OTTAWA - Ottawa is considering a multibillion-dollar economic stimulus package before the next federal budget in an effort to ensure Canada's response to the unfolding global economic crisis does not lag behind the United States and other countries, government sources say.

Finance Minister Jim Flaherty repeated Monday that the government is not ready to unveil major new spending measures in Thursday's economic update. The fiscal statement will update the House of Commons on the state of the economy and likely forecast a budget deficit for the 2009-2010 fiscal year as growth slows to a crawl.

But sources within the Tory government said the minister is leaving open the option of introducing an economic stimulus package focusing on accelerated infrastructure spending before the budget, expected in February, if the economy continues to deteriorate.

Without making a commitment, Flaherty underlined the urgency of acting soon at a news conference in Toronto, after he gave a speech to a conference on public-private partnerships.

"This needs to happen as soon as possible," he said. "We are working with the provinces, the territories, the municipalities, to accelerate our infrastructure investments."

Flaherty said he met with leaders of Canadian municipalities along with Prime Minister Stephen Harper and Transport Minister John Baird and asked them bluntly to give Ottawa a list of construction projects "that are environmentally approved that can go now, that can put a shovel on the ground now."

Flaherty's comments Monday came as a new survey suggested that Canadian consumers feel as pessimistic as they did before the last two major recessions -- in the early 1980s and 1990s -- as they cope with battered markets, increasing job insecurity and worries about how governments will deal with a spreading global recession.

The United States and Britain are further ahead than Canada in efforts to stimulate their economies. Washington has already committed $700 billion, with another $500 billion expected for the banking and other sectors, while Britain announced a series of measures Monday that included a cut in consumer taxes.

Government sources say other countries may be ahead of Canada in announcing plans partly because their economies are in worse shape and partly because last month's federal election delayed planning here.

But there is no doubt the government is taking the economic slowdown seriously, said Bank of Montreal economist Michael Gregory.

"I think there's a realization there," he said, noting the darker tones in recent statements by Harper, Flaherty and the Bank of Canada.

"We have seen economies in the entire G7, Japan, United States unravel awfully quickly, so the sooner (Canada acts) the better. We are in unprecedented times so it may call for unprecedented ways of doing things."

Flaherty said Thursday's update will primarily deal with projections for the federal budget and the economy, but suggested it will also include plans to slow down growth in public service compensation, as well as equalization payments to provinces.

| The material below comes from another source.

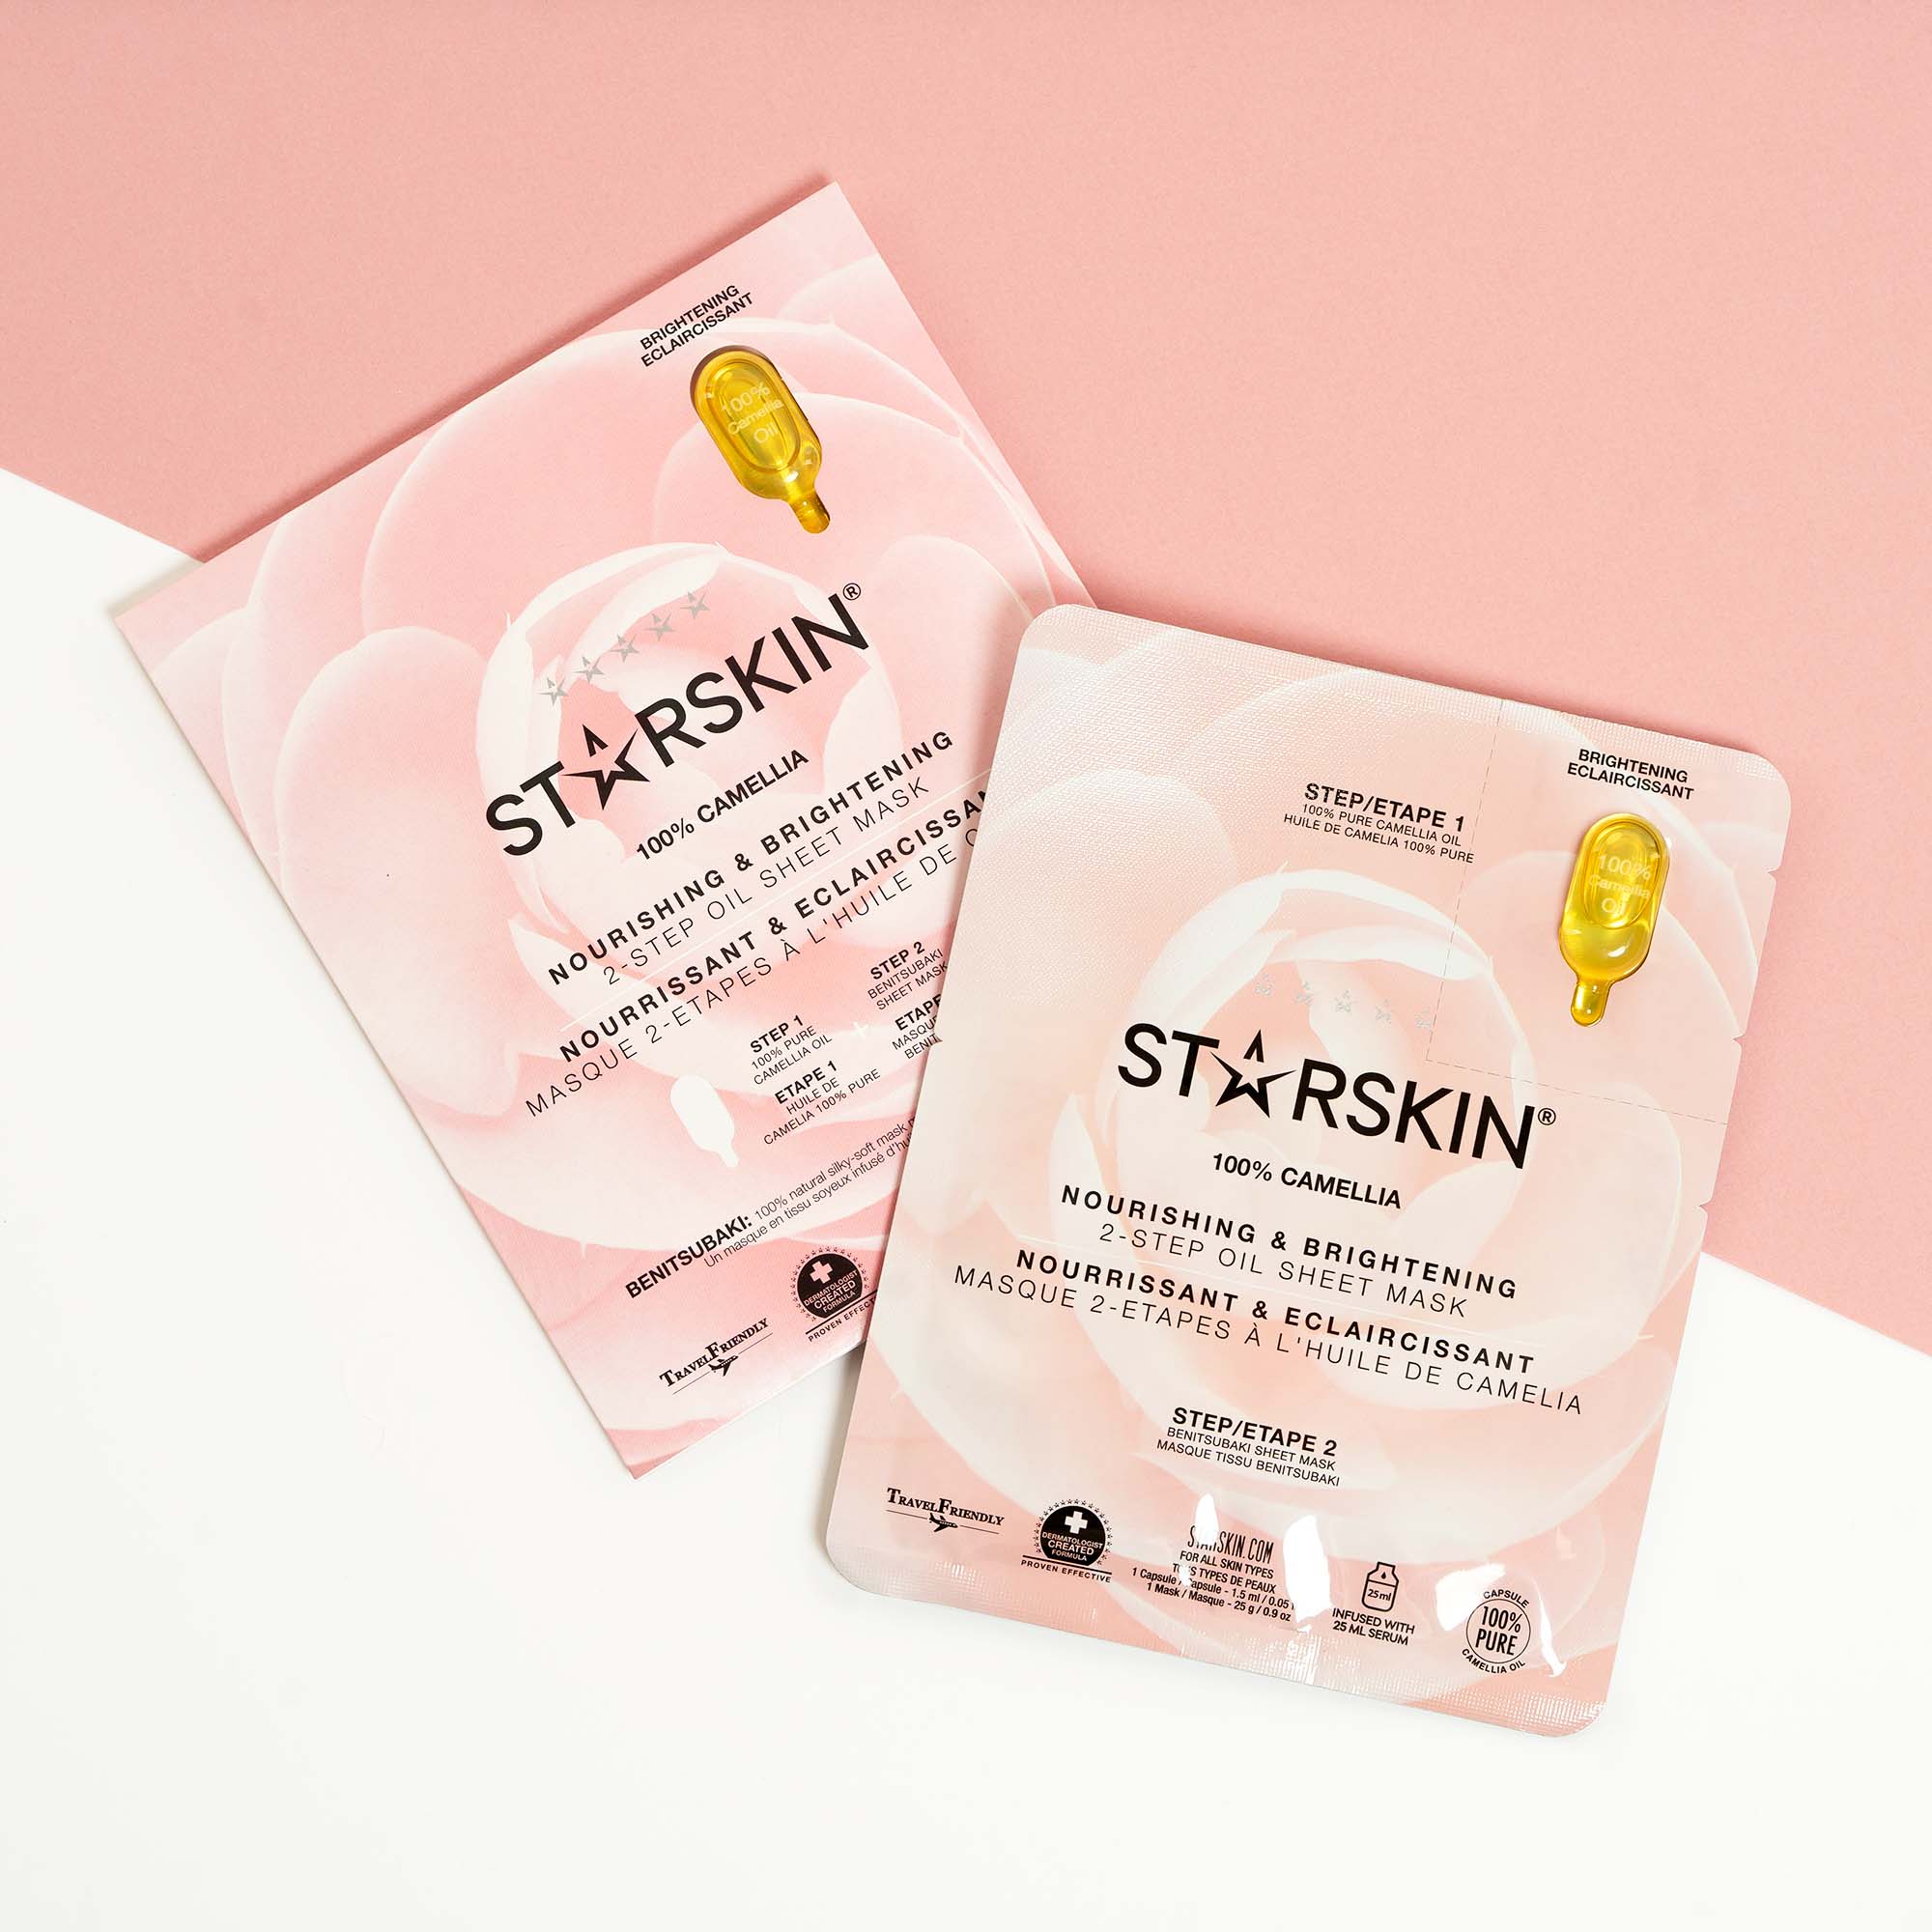 Starskin's Camellia® face sheet mask paper packaging and product packaging being shown on a pink and white background

He is also expected to announce efforts to ease pension requirements for cash-strapped corporations and give seniors additional flexibility on when they must draw down from their registered retirement plans.

Although the government is headed for the first budget deficit in more than a dozen years, Flaherty relegated that concern behind the need to boost economic activity.

"Our job is to act responsibly, to be steady, stable, protect Canadian families and investments," he said.

"Canada goes into this economic slowdown in the best position of the major industrialized countries in the world ... so we are in a position to take various actions, we have lots of leeway to act."

Parliamentary budget officer Kevin Page reported last week that the government could suffer a shortfall of anywhere from $4 billion to $14 billion next year even if it does not increase spending.

Private sector economists lined up Monday to urge the government to move swiftly on stimulus spending, saying actions so far by the Bank of Canada and the government to inject liquidity into money markets have only partially worked to boost growth.

Overwhelming, the major recommendation of the economists is speeding up spending for roads, bridges and other types of infrastructure. The government has already set aside $33 billion for infrastructure spending, but few projects have been announced and even fewer are ready to go.

The difficulty is that it can take many months to issue bids and sign contracts with engineering and construction firms, says economist Avery Shenfeld, so the sooner Ottawa acts the better.

Scotia Capital economist Derek Holt agrees, adding that infrastructure spending is better than tax cuts at this time because given the growing fears of a recession, many Canadians would likely save the extra cash rather than spend it.

The economy has been slowing to a standstill for much of the year, with falling commodity prices, stock market turmoil and the slump in manufacturing taking a toll on consumers and businesses in all parts of the country.

On Monday, a new Conference Board survey suggested that consumers are indeed spooked by the mounting negative news.

The think-tank's November poll found consumer confidence drooping 2.9 points to levels not seen since the intense recession of the early 1980s, when the jobless rate soared to 13 per cent, more than twice the current level.

A major reason for the loss of confidence is the tumble in the stock market, which fell to barely half its summer peak, and growing fears that Canada is following the U.S. into bleak economic times.

After reflexively recoiling from the R-word for most of the year, Harper and Flaherty have been regularly conceding that Canada is indeed headed for recession.

"We are not in a recession right now. (But) going forward it's reasonable that we will have a technical recession, that is this quarter and next quarter," Flaherty said. A technical recession is defined as two consecutive quarters of gross domestic product contraction.